Is the suffix pattern based on the pronunciation of the syllable(s) before the suffix? If one wanted to improve upon your work for unknown names, rather than consider the letters used, would you have to do some NLP on the name to get a representation of the pronunciation and look that up (in a trie or otherwise)?
dmit
> Is the suffix pattern based on the pronunciation of the syllable(s) before the suffix?
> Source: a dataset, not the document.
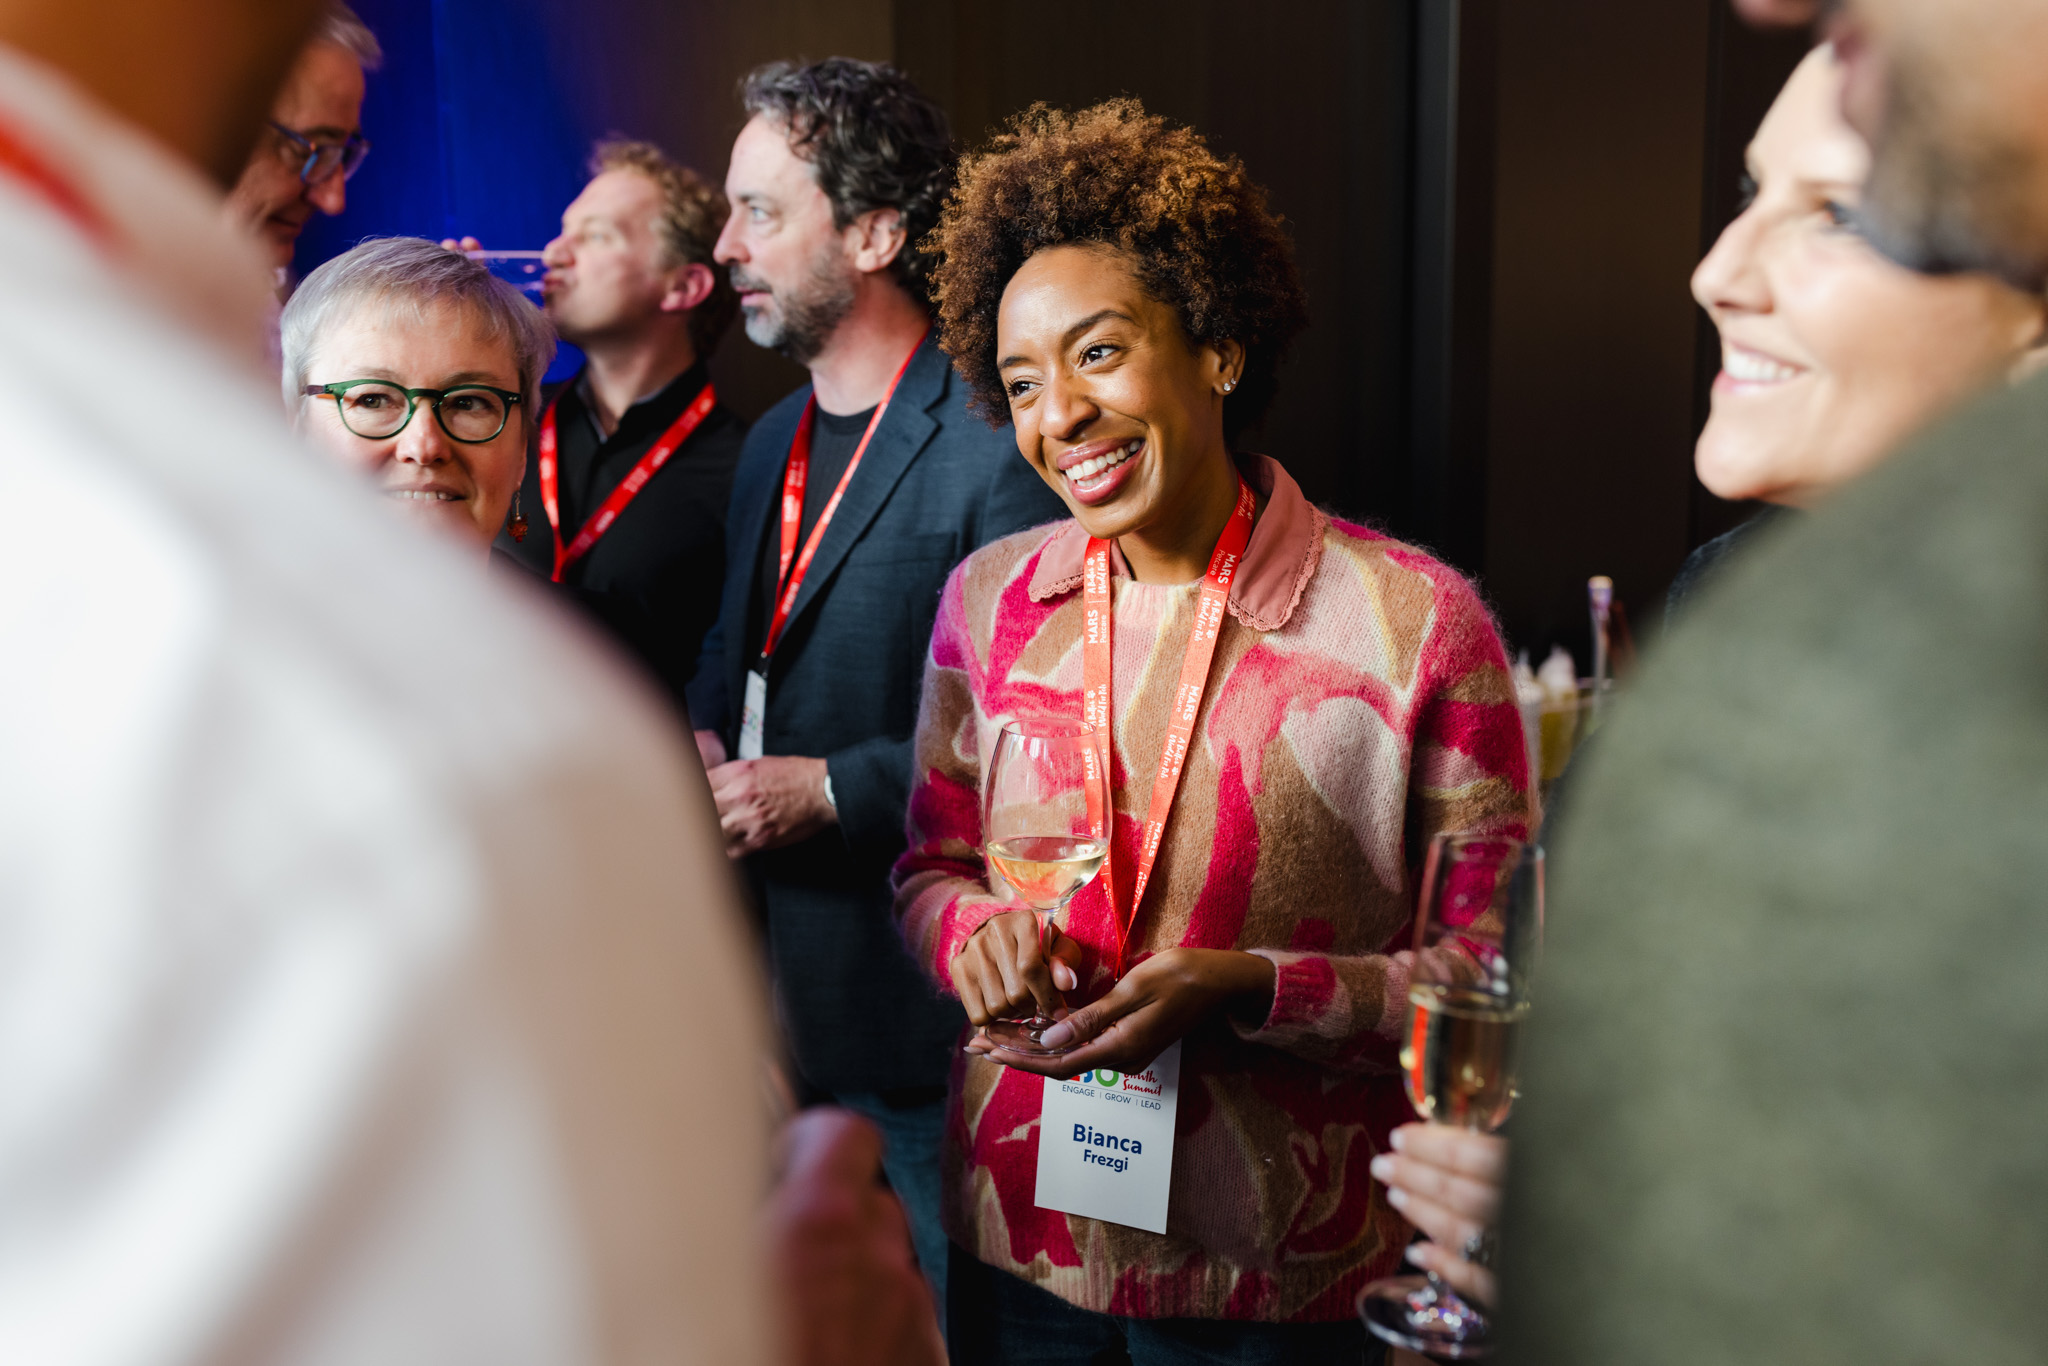 A group of people at a social event. A woman in a pink patterned sweater with a name tag reading "Bianca" is smiling and holding a drink, captured perfectly in this corporate photography session. Others are engaged in conversations around her.

Careful, this is how you fall down the Are Dependent Types The Answer?? hole.
perching_aix
Not sure what that's supposed to mean, but if Icelandic is anything like my native language in this, then it is indeed a pronunciation based thing. Which should make sense, since languages are (historically) spoken first, written second.
dmit
Heheh, it was mostly a reference to my [and mostly others'!] experiments with encoding human languages in a programming language. There are some pretty neat ideas there to explore, like the difference between Subject-Object-Verb (SOV) and Object-Subject-Verb. Or postfix languages (e.g. Forth) mapping to some human languages.
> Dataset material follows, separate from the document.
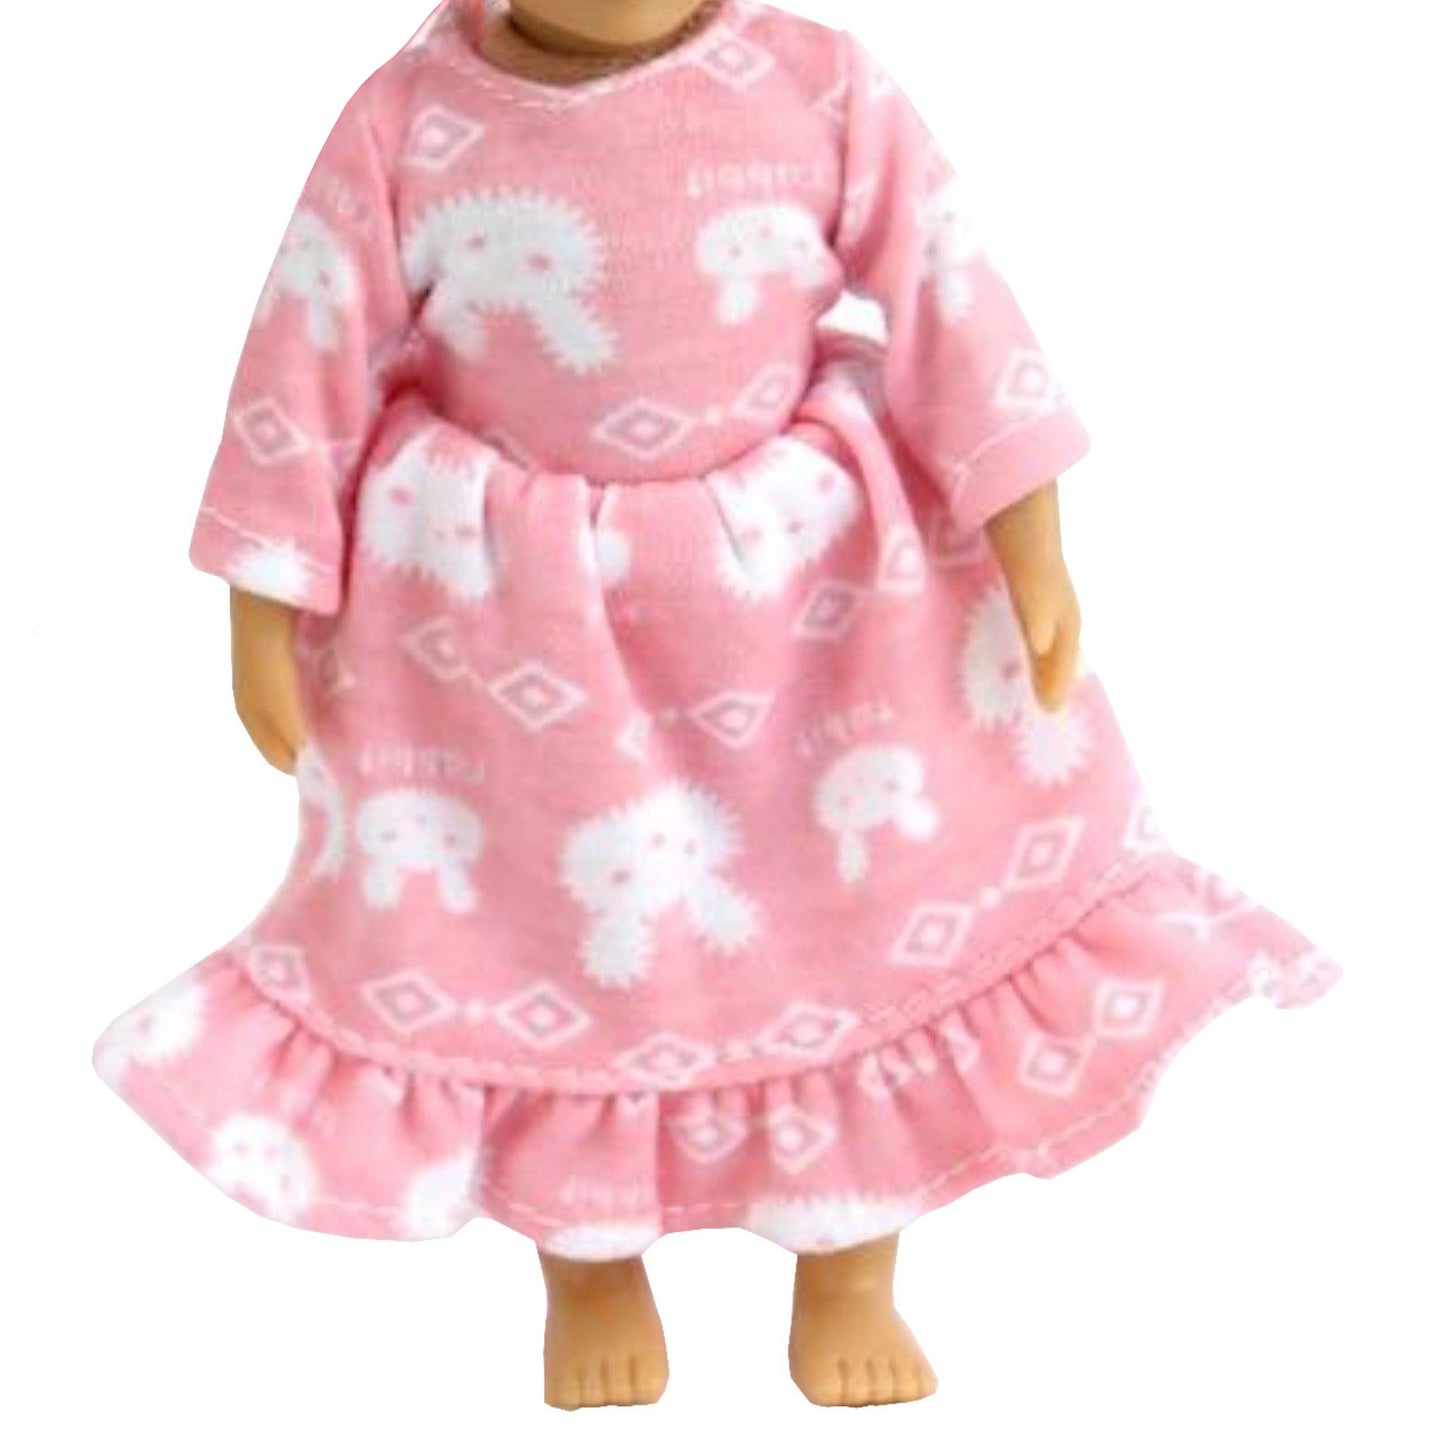 Pink Bunny Nightgown for 6 1/2-inch dolls with doll

In this particular example, having a subsequent part of an expression rely on prior parts would usually be accomplished at runtime in most languages. But some (like Idris) might allow you to encode the rules in the type system. Thus the rabbit hole.
jedimastert
It's like an interview question from hell. Reversing a trie is those things that I might ever use once in my life, but that one time I will look like an absolute wizard.
ryanjshaw
An interesting article but I was surprised there was no discussion about what humans do to address this problem?
Zanfa
They stick with the nominative case. That’s the only safe way not to butcher somebody’s name in a language like Estonian that has 14 cases. It’s infinitely easier to update copy to use only nominative than try to apply the cases automatically.
lifthrasiir
A possible alternative, especially for beygla/strict, would be perfect hashing.
My brain is screaming that there has to be a solution in <1kb uncompressed (for the non-strict version).
Maybe generating a minimal list of regexes that classifies 100% of names correctly? Maybe a big enough bloom filter? Maybe like a bloom filter but instead of hashes we use engineered features?